Whether it’s debating if Barbie is anti-feminist or if a “Dora the Explorer” toy looks suspiciously like male genitalia, the discussion over the appropriate and politically correct nature of children’s toys is nothing new. There are plenty of recalls on kids’ toys due to issues like potential choking hazards or battery compartments reaching inordinately high temperatures, often leaving consumers wondering about the companies’ lack of quality in their quality control departments.
But when I received a MagnaPlay Alphabet Picture Puzzle for my daughter, I found the lack of quality control was truly astounding.
The concept behind this specific puzzle is to take each letter of the alphabet, associate it with a noun (Apple, Balloon, Car…) and split it into two puzzle pieces. The first letter of the noun is one puzzle piece, while the rest of the word is on the second puzzle piece. A and pple, B and alloon, C and ar, and so on.
Now, before I get to the truly terrible part about this puzzle… something that immediately annoyed me was that the words they used for M and H are Mouse and House. This means there are two “ouse” pieces in very similar colors. No, the pieces don’t fit with their incorrect counterpart, but isn’t this just confusing for a toddler?

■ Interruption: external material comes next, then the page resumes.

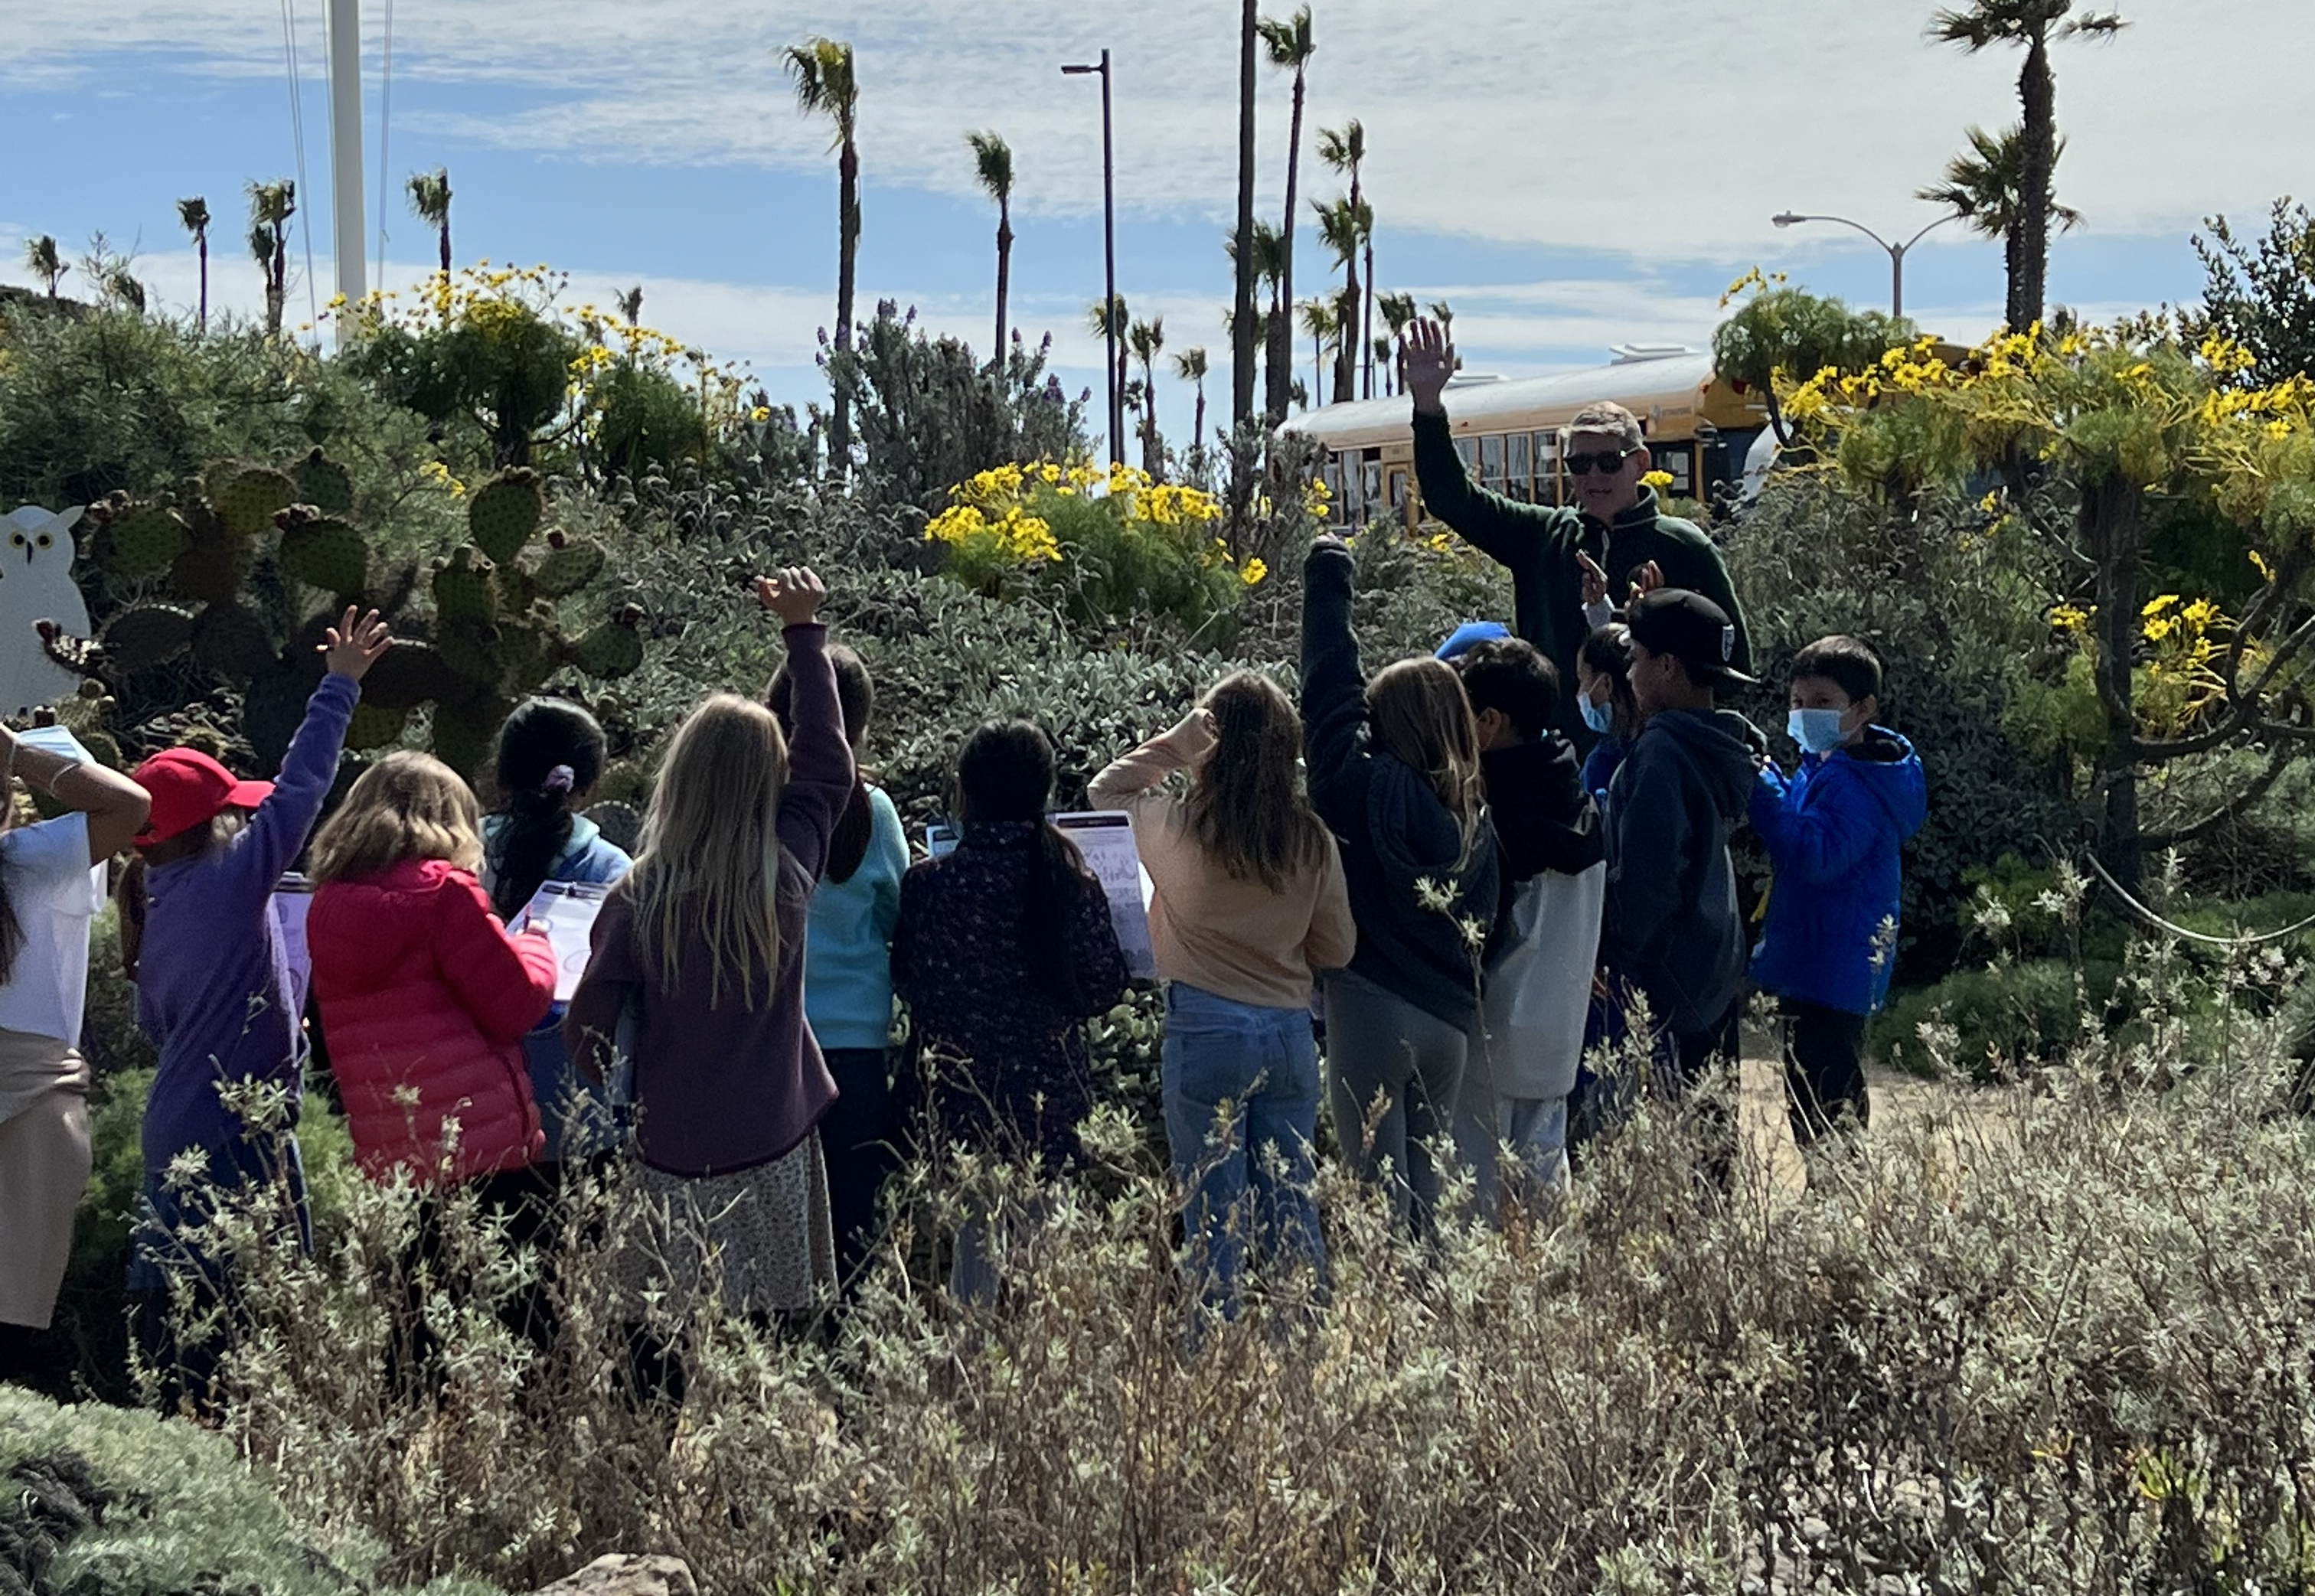 A group a students explore a garden with a male volunteer ranger. A school bus and American flag are in the background.

OK, so we’re already skeptical of the quality control department of this company, right? Right. Now, are you ready for the ultimate in things inappropriate for children? The pièce de résistance?
What word did they choose for the letter G?
Not Gorilla… Not Gift… Not Gecko… Not Garden or Galaxy or Guitar.
What word did they decide to split the first letter from the rest?
Think about it for a second…
Yes, this company has mass produced a children’s puzzle piece that says RAPES!
How many people didn’t happen to notice this? Or worse, noticed it but thought this was OK?
I tried to check out the website…
…but the domain no longer exists.
Not that it is surprising to me that a company that can’t properly monitor their product should also find itself behind in paying for its domain. (Pretty sure this guy is the president of the company.)
My daughter loves these puzzle magnets. But now I need to explain to her that the letter G had to make a quick permanent GETAWAY to GEORGIA with a GAGGLE of GEESE.